- DATA FOR ANALYSIS:

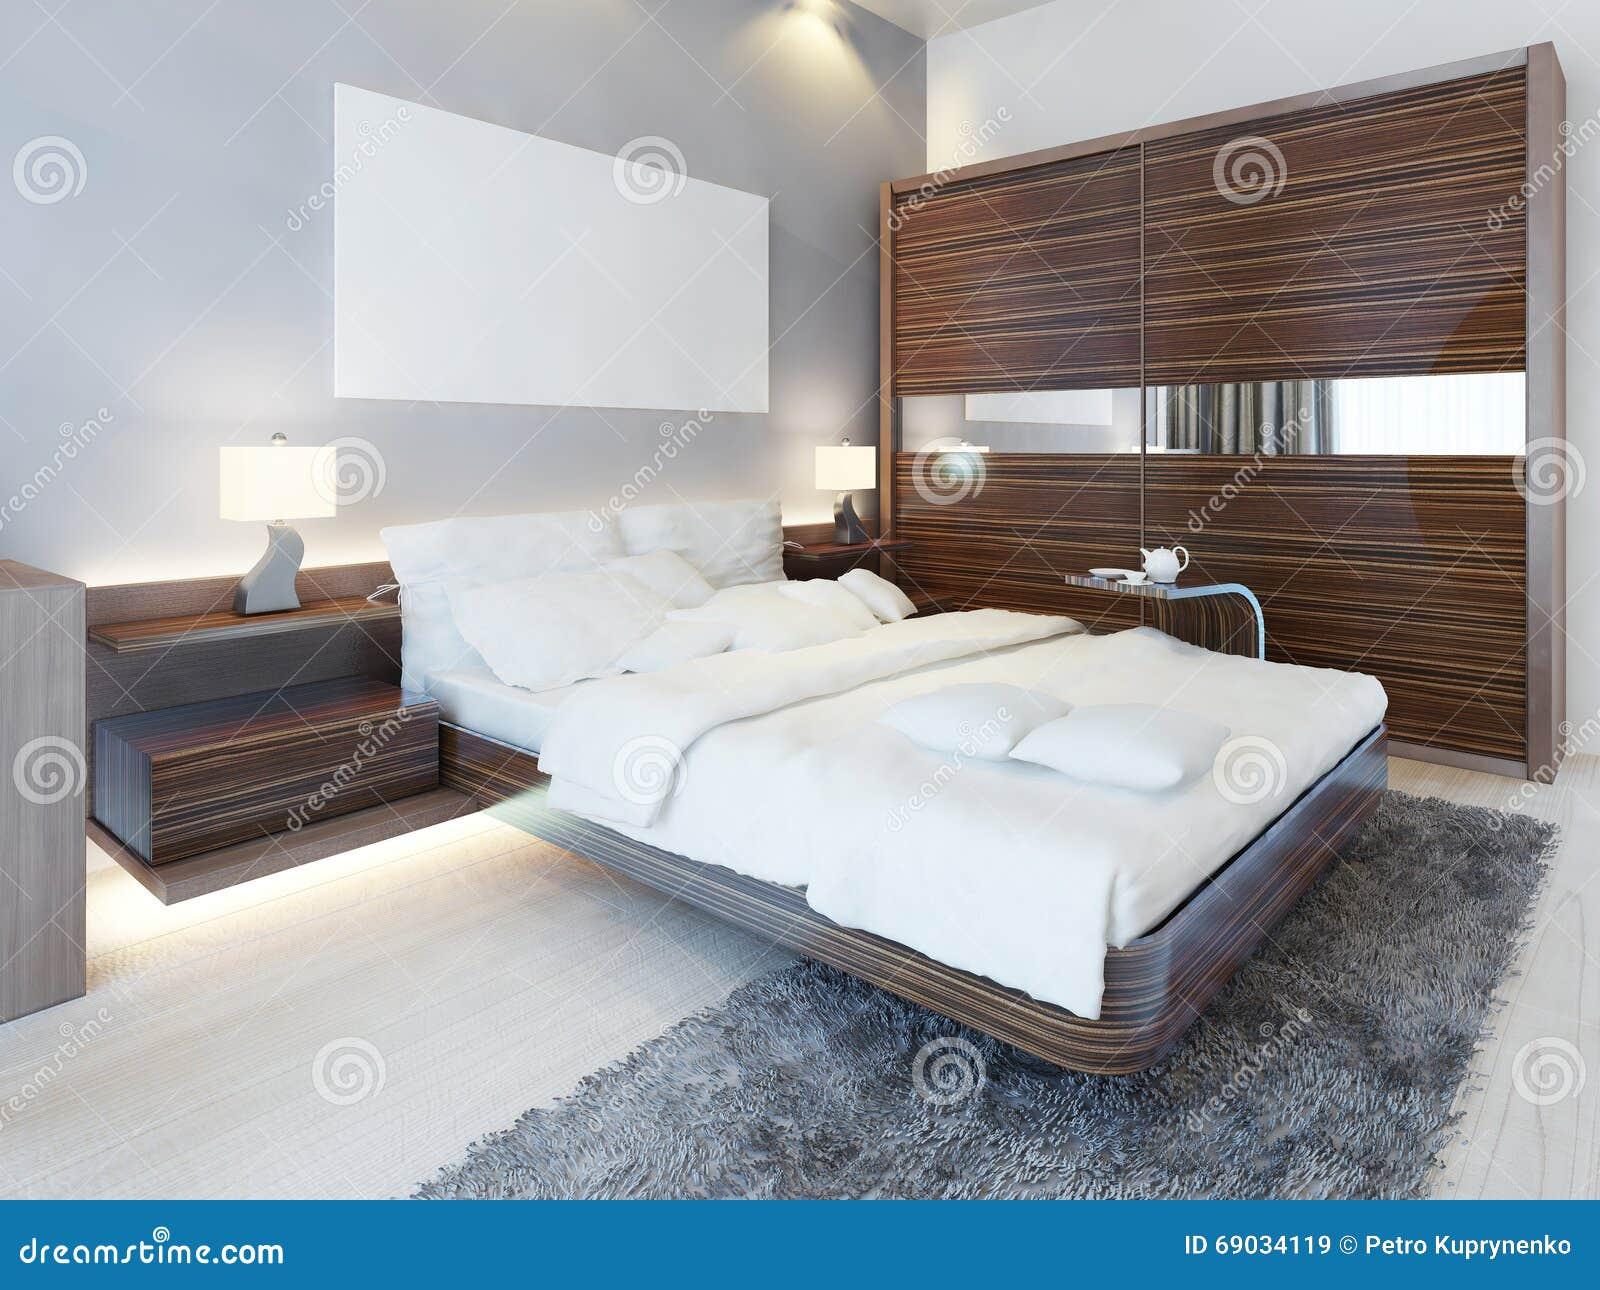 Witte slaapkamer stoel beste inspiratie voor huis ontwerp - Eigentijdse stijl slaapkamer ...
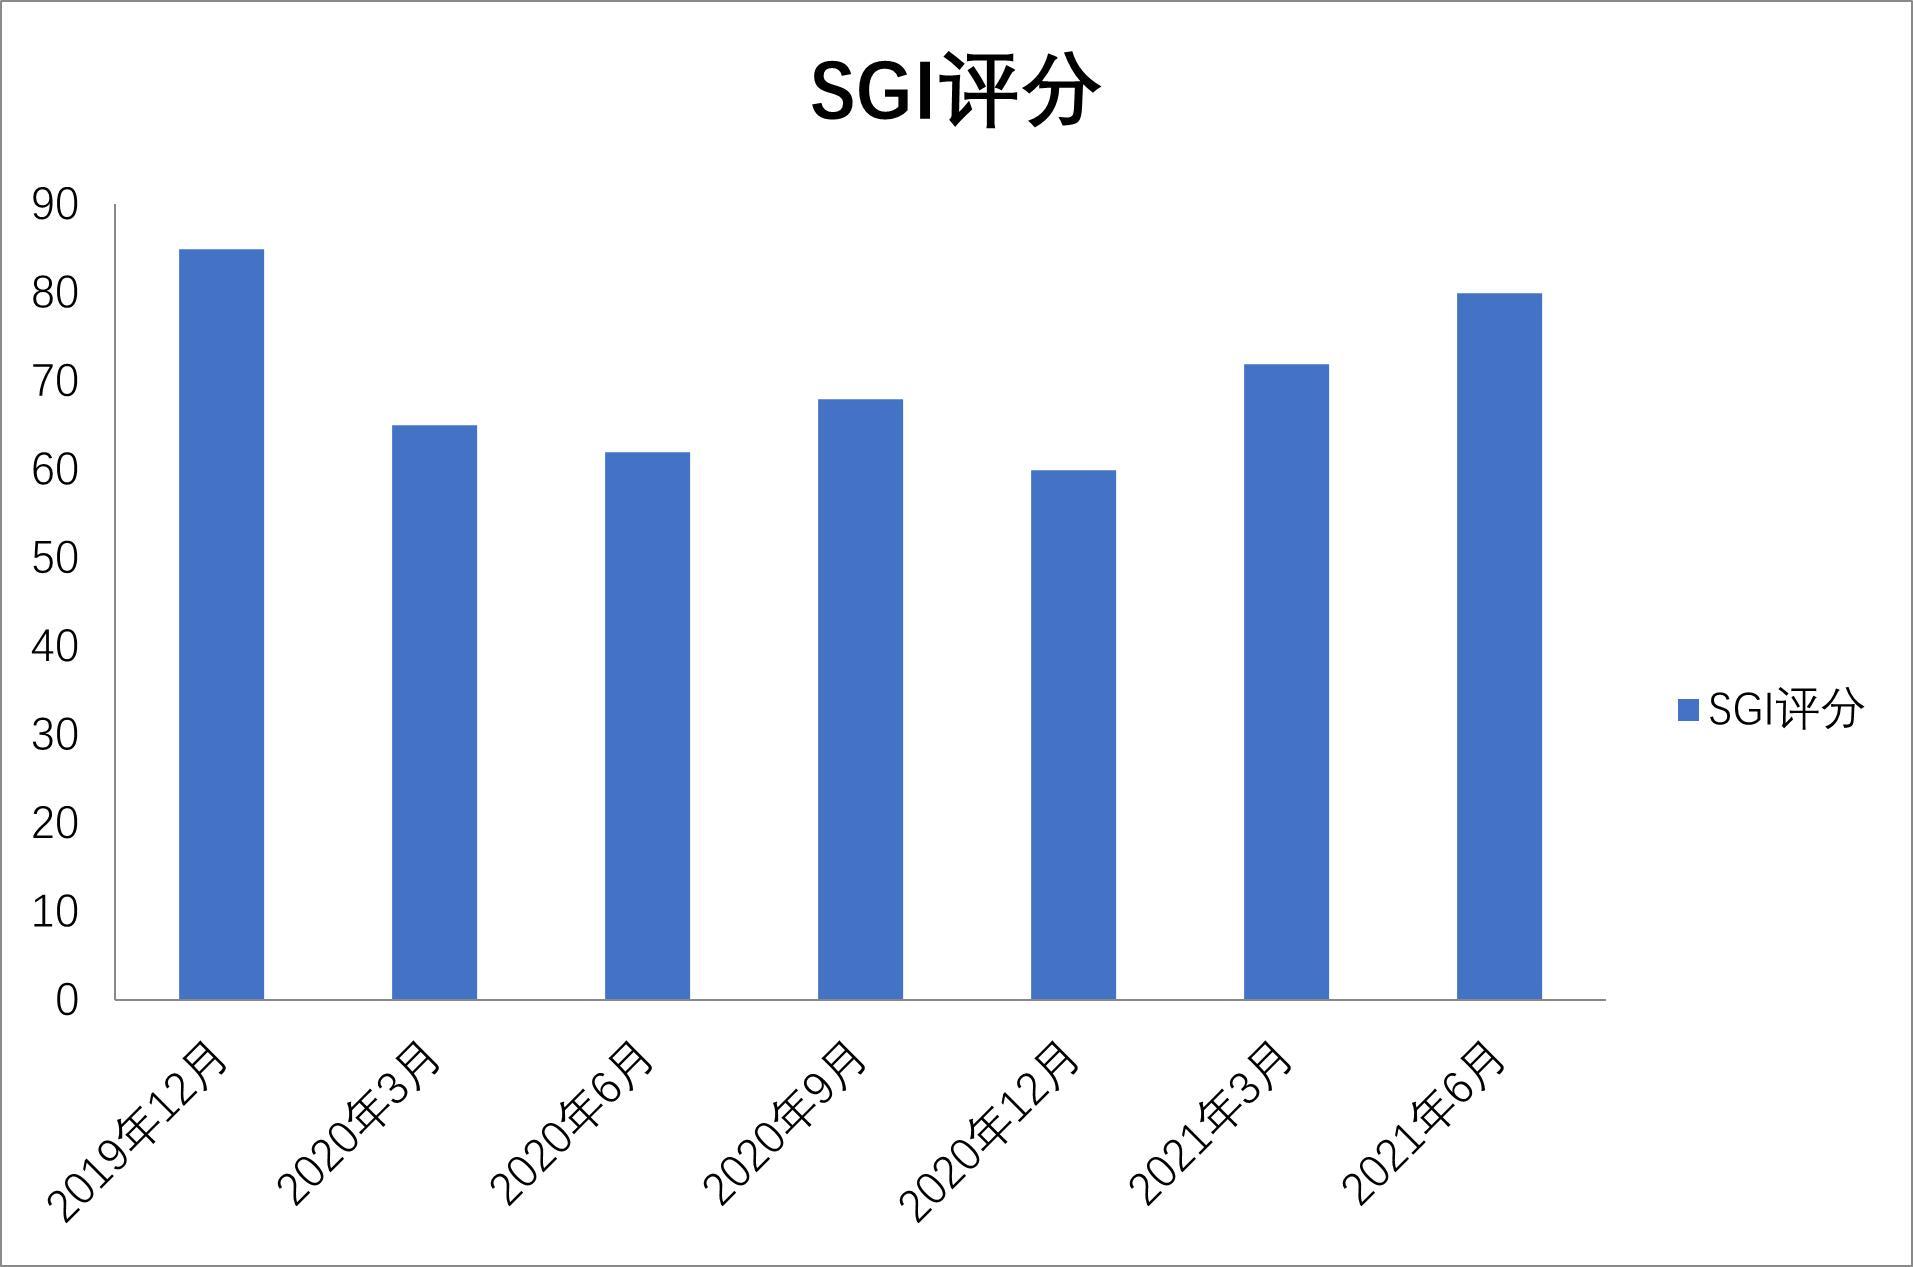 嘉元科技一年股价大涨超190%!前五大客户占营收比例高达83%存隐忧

---

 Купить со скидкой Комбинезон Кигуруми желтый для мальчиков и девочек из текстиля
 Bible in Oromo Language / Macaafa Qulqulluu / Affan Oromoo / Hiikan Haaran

==

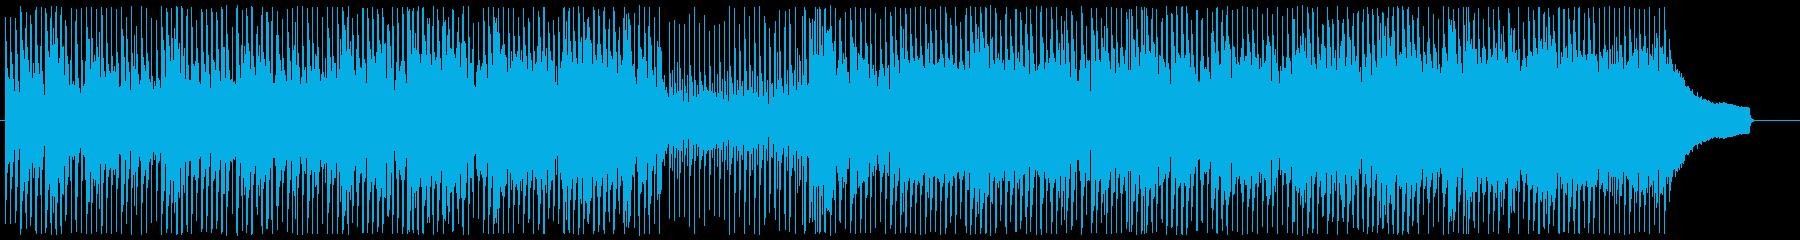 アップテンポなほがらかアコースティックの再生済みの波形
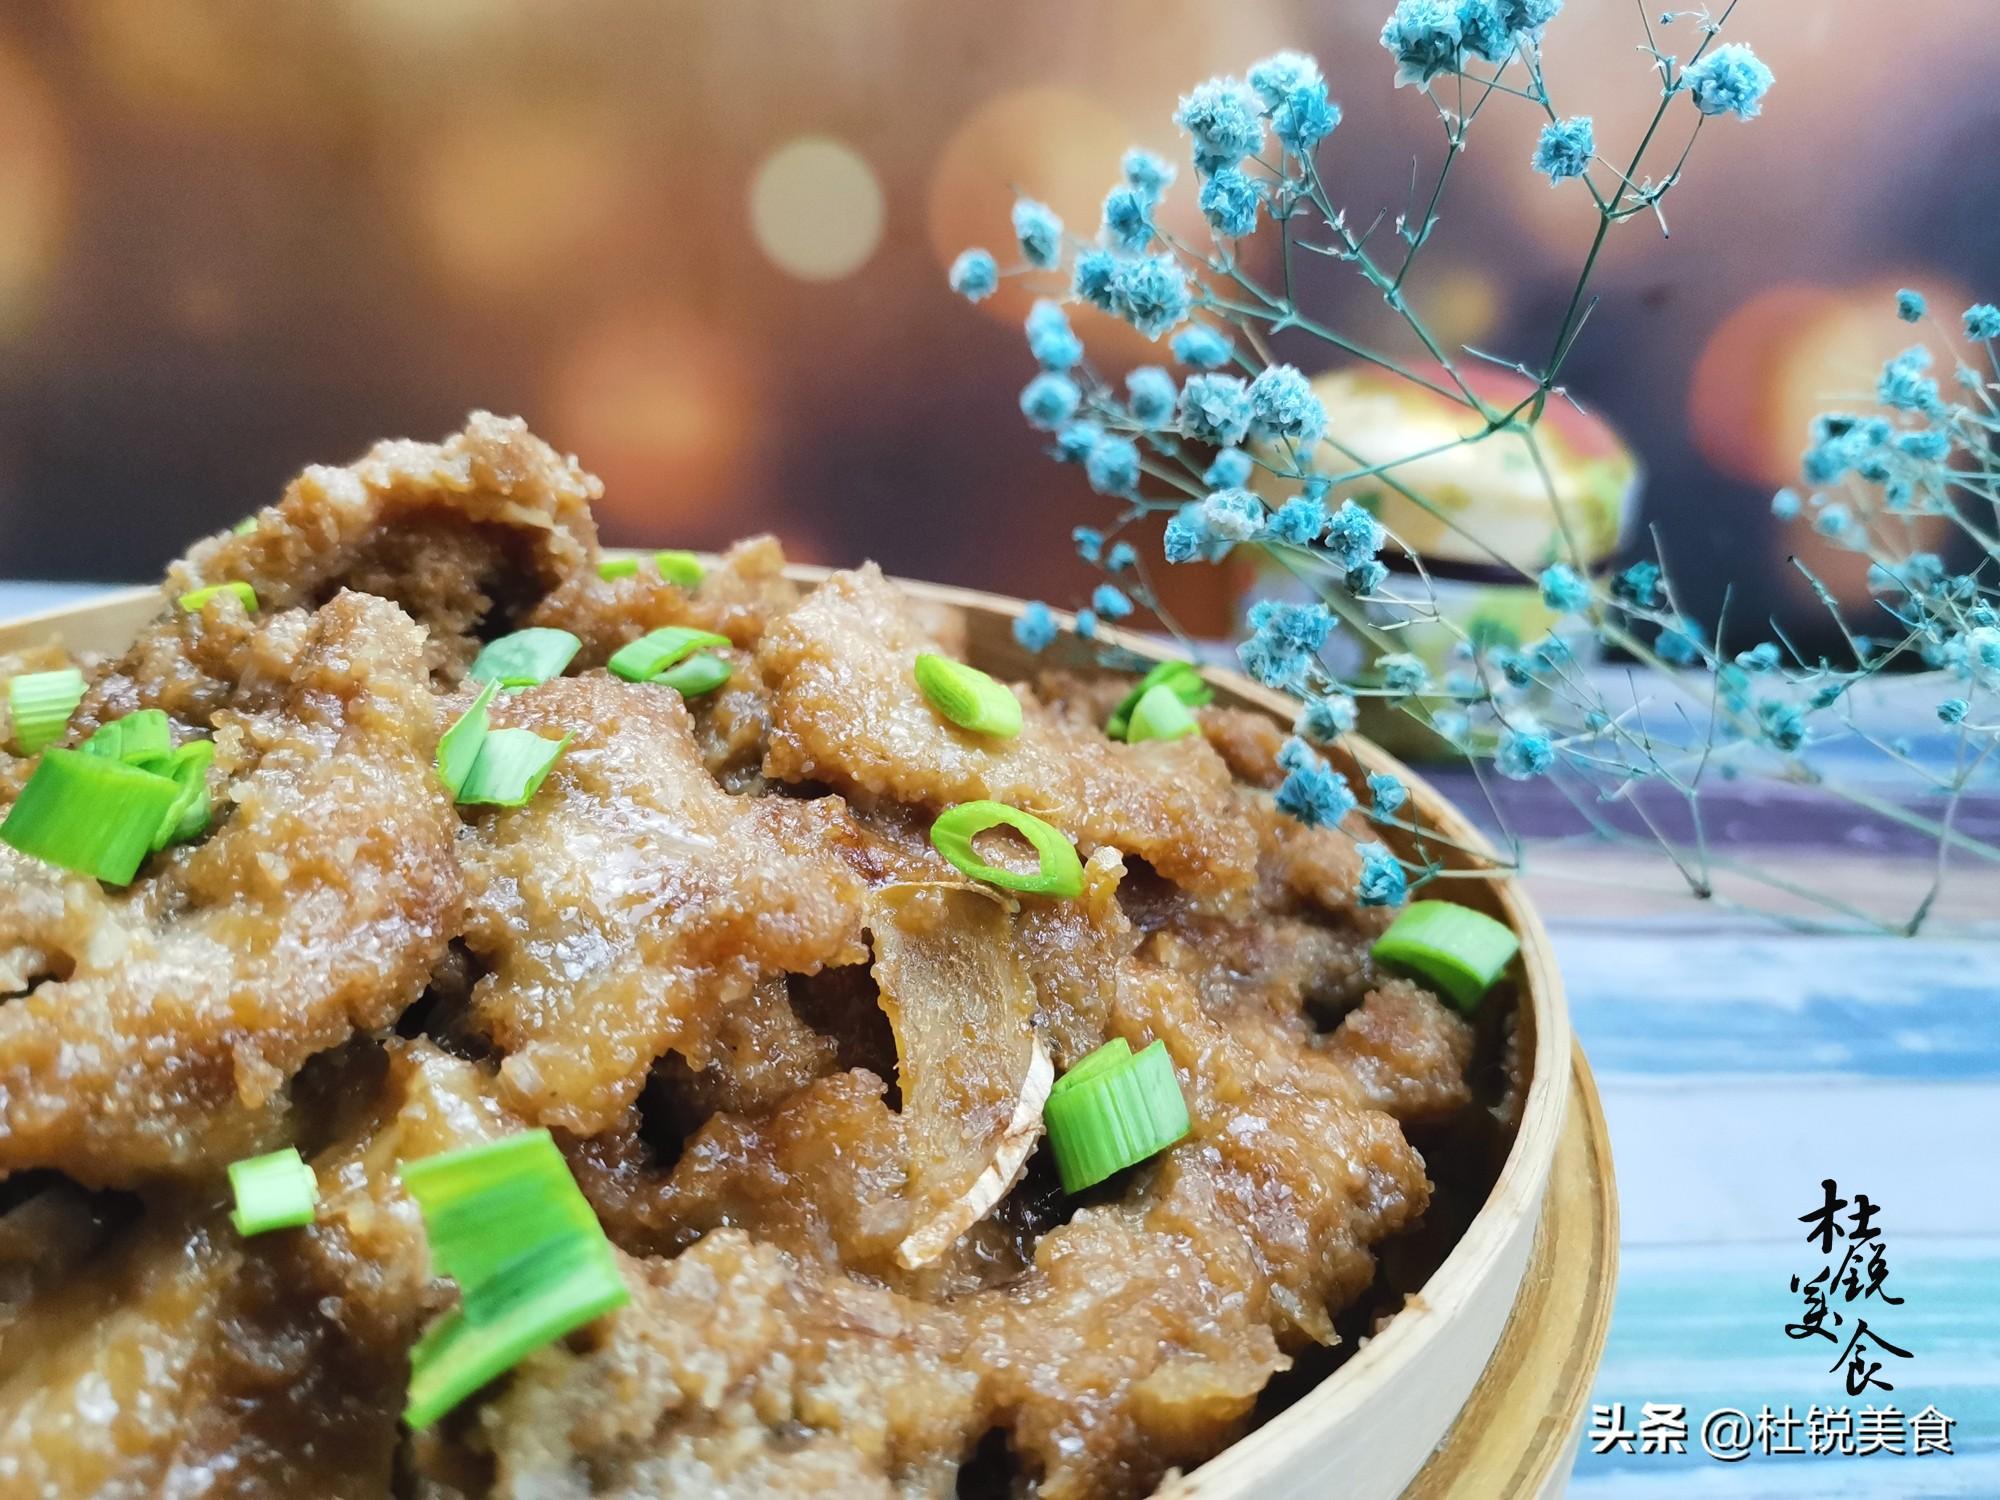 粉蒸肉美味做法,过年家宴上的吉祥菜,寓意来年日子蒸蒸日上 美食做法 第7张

- WHAT THIS TASK INVOLVES: Both the line containing "Witte slaapkamer stoel" and the line containing "嘉元科技一年股价大涨超190%!前五大客户占营收比例高达83%存隐忧" above belong in the output, as do the lines between them. Print them exactly, without pictures.

- EXERCISE OUTPUT:
 Witte slaapkamer stoel beste inspiratie voor huis ontwerp - Eigentijdse stijl slaapkamer ...
 嘉元科技一年股价大涨超190%!前五大客户占营收比例高达83%存隐忧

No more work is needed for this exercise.